Маршировали мы, помню, много, чуть ли не каждый день.
— Кто там шагает правой? — «грозно» насупив брови, вопрошал наш командир — заводской комсомолец, осоавиахимовец, в матерчатой, защитного цвета фуражке и гимнастерке, перепоясанной портупеей, и мы, ребятня, сколько было силы, в такт скандировали:
— Левой!!!
— Левой!!!
— Левой!!!
Спустя несколько лет, учась в школе, я прочитал стихотворение Владимира Маяковского «Левый марш», узнавая знакомые строки, и долго, помнится, ходил под впечатлением, будто сам поэт, а не кто-то другой, и был тем нашим командиром — в гимнастерке, перепоясанной портупеей.
В дежурствах на вышке, занятиях по строевой и тактической подготовке незаметно пролетело время. Все чаще устраивались вызовы по тревоге, все чаще — днем и ночью — совершали мы марши-броски к местам предполагаемой высадки немецких парашютистов. Я чувствовал, как все больше втягиваюсь в необычную для меня жизнь, и не только я, а все люди вокруг на глазах меняются, становясь совершенно другими, не такими, как были в мирное время.
В этой новой для всех жизни нашли в конце концов свое место и мои младшие братья: когда я задерживался на дежурстве, они приносили мне на каланчу обед или ужин, а если оставались дома одни, без матери, — поочередно, сговариваясь друг с другом, — несли «вахту» по охране оружия и склада боеприпасов, устроенного под кроватью.

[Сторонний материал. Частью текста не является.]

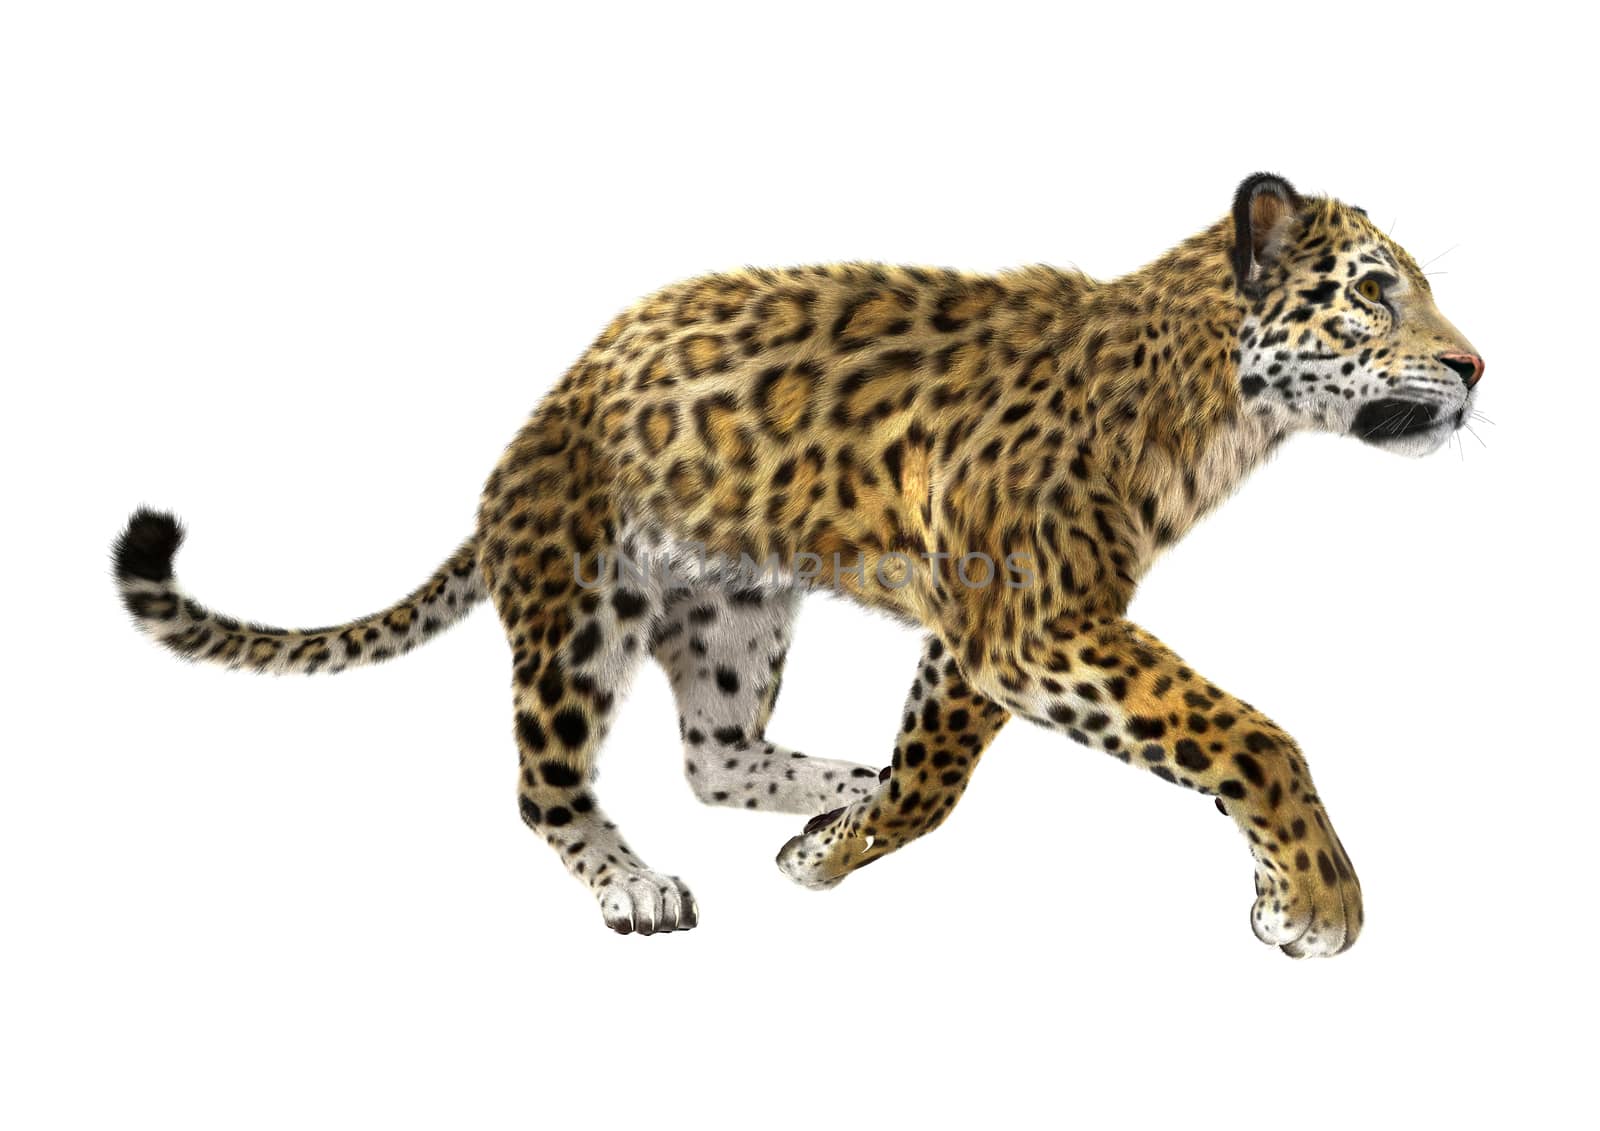 3D digital render of a big cat jaguar running isolated on white background

Братьям своим я полностью доверял, тем более, что круг их обязанностей все расширялся, и в скором времени они сделались моими связными. Когда меня срочно вызывали в отряд, а я дома отсутствовал, уходил купаться, они бежали по двум направлениям, сразу на две речки, на которых я мог оказаться — на Волчину и на Мологу. Делали так они, конечно, для страховки: я обязательно докладывал им, где, в каком именно месте следует меня искать в случае тревоги. В те дни я не раз подумывал, что если придется партизанить, моим братишкам можно будет, пожалуй, давать поручения и посерьезнее.
В заботах пролетело лето, подошла осень — группу из нашего истребительного батальона, опять-таки добровольцев, уже провожали на фронт. На самый опасный, самый главный в то время фронт — на защиту Москвы.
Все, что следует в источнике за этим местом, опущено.